"CellTrace Violet is the best reagent for tracking proliferation in any amenable cell type by fluorescent dye dilution and flow cytometry. Compared to CFSE which is cytotoxic to cells when used at higher concentrations, CellTrace Violet labels cells brightly, with low toxicity and is faithfully distributed to daughter cells ensuring the best possible peak resolution.”
—Andrew Filby, Flow Cytometry Core Facility Manager and ISAC SRL Emerging Leader, Newcastle University
CellTrace Cell Proliferation Kits contain a cell-permeant nonfluorescent ester of an amine-reactive fluorescent molecule, which enters cells by diffusion through the plasma membrane. Upon entry into the cell, the nonfluorescent molecule is converted to a fluorescent derivative by cellular esterases. The active succinimydyl ester covalently binds to amine groups in proteins, resulting in long-term dye retention within the cell.
Through subsequent cell divisions, daughter cells receive approximately half of the fluorescent label of their parent cells, allowing the analysis of the fluorescence intensities of cells labeled and grown in vivo.
Analysis of the level of fluorescence in the cell populations by flow cytometry permits the determination of the number of generations through which a cell has progressed since the label was applied (Figure 1).
Figure 1. Mechanism of cell labeling. (A) Illustration of proliferation analysis by dye dilution. (B) Flow cytometric analysis reveals a bright, homogenous fluorescent signal from the initial population of cells. Subsequent cell divisions result in larger numbers of cells, each with half the fluorescence intensity of its parent cell.
Sensitive detection of cell populations
The CellTrace stains have been detected after in vitro labeling for several days, or approximately 7–8 division cycles, before being overwhelmed by the natural autofluorescence of the cells. Up to 10 cell divisions have been observed using the CellTrace Violet Cell Proliferation Kit on a violet laser–equipped flow cytometer (Figure 2).
Figure 2. Stained human lymphocytes. Human CD8+ T lymphocytes stained with 10 µM CellTrace Violet followed by incubation in Gibco OpTmizer T cell Expansion Medium at 37°C for 7 days.
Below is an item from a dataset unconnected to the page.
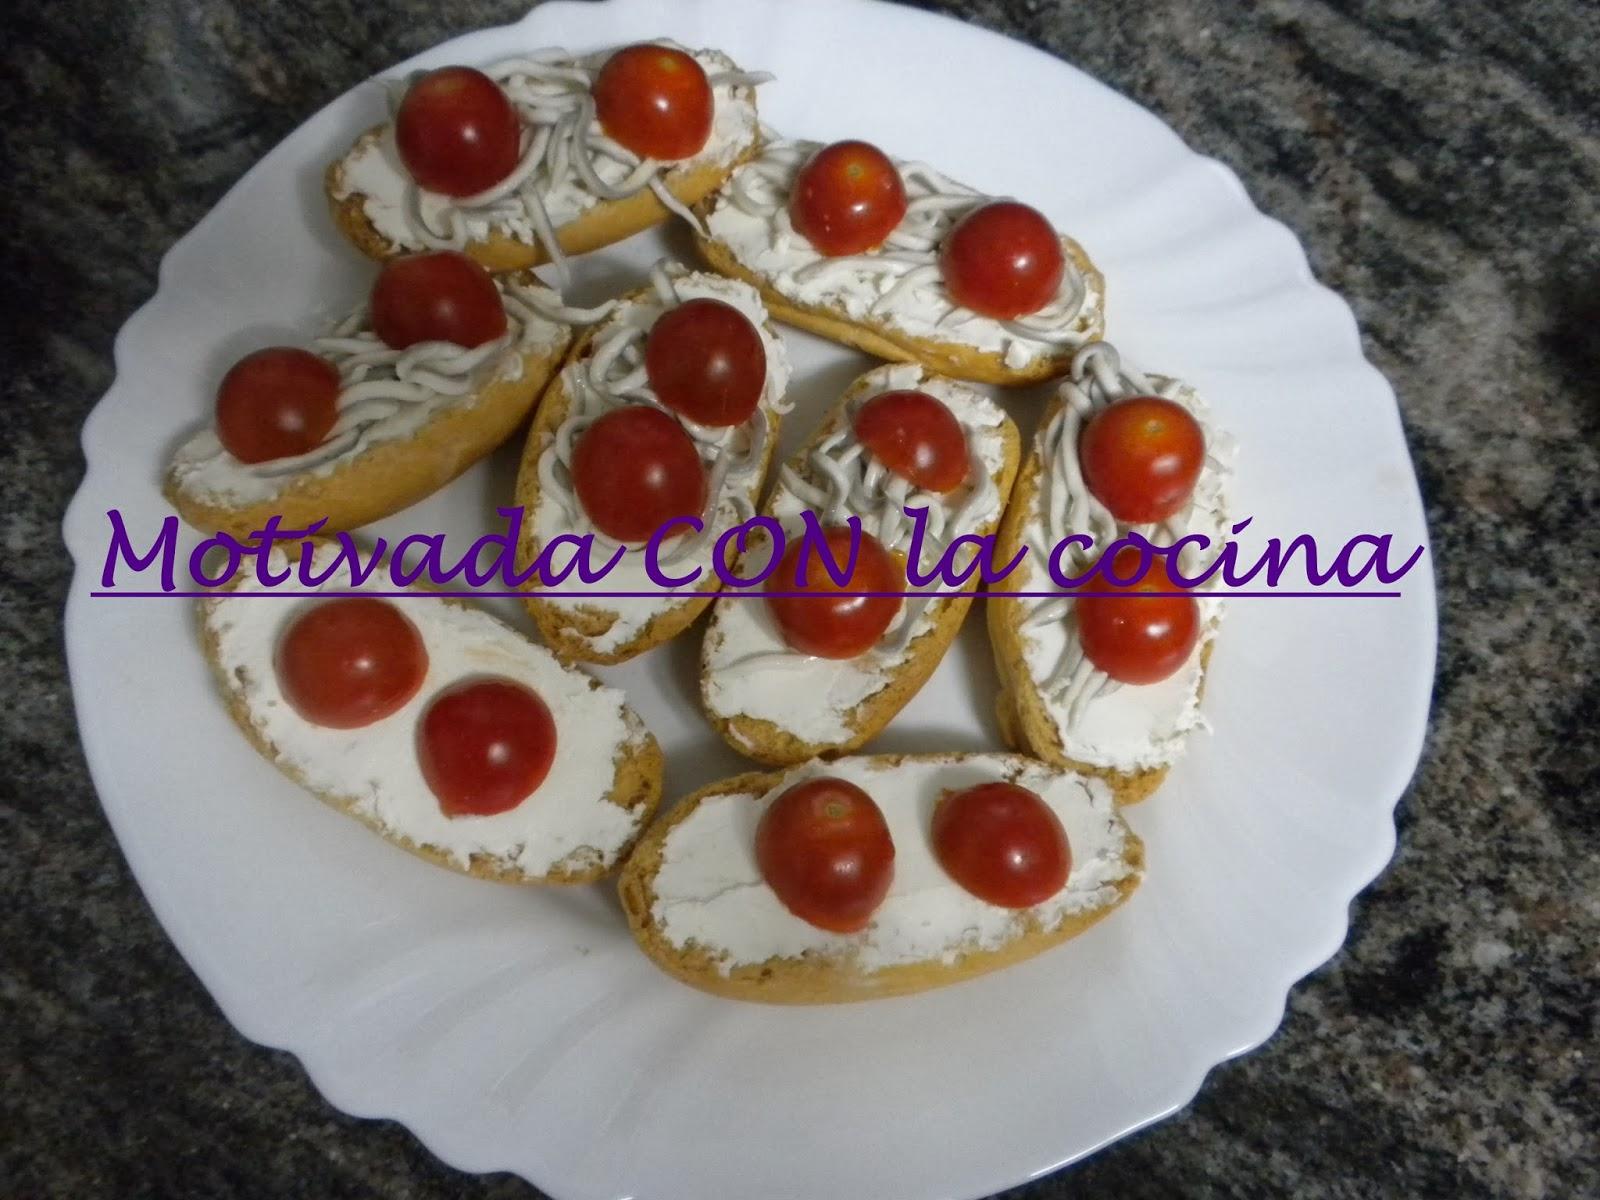 Motivada con la cocina aperitivos originales - Aperitivos frios originales ...

Cells were stimulated with 200 ng mouse anti-human CD3 antibody and 100 ng interleukin-2 per milliliter cells.
More flexibility in multiplexed experiments
The CellTrace Cell Proliferation Kits are available for the violet, blue, yellow (561 nm), and red lasers (Figure 3), allowing researchers to analyze cell proliferation in combination with other live-cell applications (i.e., immunophenotyping, cell sorting, and cell-cycle analysis), maximizing the information that can be collected in a single experiment, with minimal compensation.
CellTrace Violet (Figure 4) and CellTrace Far Red are also compatible with commonly used green-fluorescent dyes like FITC and Invitrogen Alexa Fluor 488, or with green fluorescent proteins (i.e., GFP).
Figure 3. Generational tracing using CellTrace reagents. Cell proliferation was followed for varying numbers of generations under different experimental conditions using (A) CellTrace Violet reagent in human peripheral blood mononuclear cells (PBMCs) stimulated for 7 days; (B) CellTrace CFSE reagent in human T lymphocytes stimulated for 5 days; (C) CellTrace Yellow reagent in human PBMCs stimulated for 11 days; and (D) CellTrace Far Red reagent in human T lymphocytes stimulated for 5 days. PBMCs were stimulated with anti-human CD3 antibody (Cat. No. MHCD0300) and interleukin-2 (Cat. No. PHC0027) while human T lymphocytes were stimulated with anti-human CD3 antibody (Cat. No. MHCD0300) alone. Unstimulated parent generations are represented by (A) red peak; (B) blue peak and (C) and (D) purple peak. Dead cells were excluded from each data group using SYTOX dead cell stains. Analyses performed using an Attune Flow Cytometer for three of the reagents with the following excitation: bandpass emission filter for each: 405 nm: 450/40 nm for CellTrace Violet detection; 488 nm: 530/30 nm for CellTrace CFSE detection; and 638 nm: 660/20 nm for CellTrace Far Red detection. CellTrace Yellow reagent analysis was performed on the Attune NxT Flow Cytometer using excitation at 561 nm and detection with 585/16 nm bandpass emission filter.
Figure 4. Compatibility of CellTrace Violet stain. Demonstration of the spectral compatibility of CellTrace Violet with GFP in cultured asynchronous osteosarcoma cells. (A) Unstained cells without GFP expression. (B) Unstained cells stably expressing GFP. (C) Cells stained with 5 µM CellTrace Violet stain, without GFP expression. (D) GFP-expressing cells stained with 5 µM CellTrace Violet stain.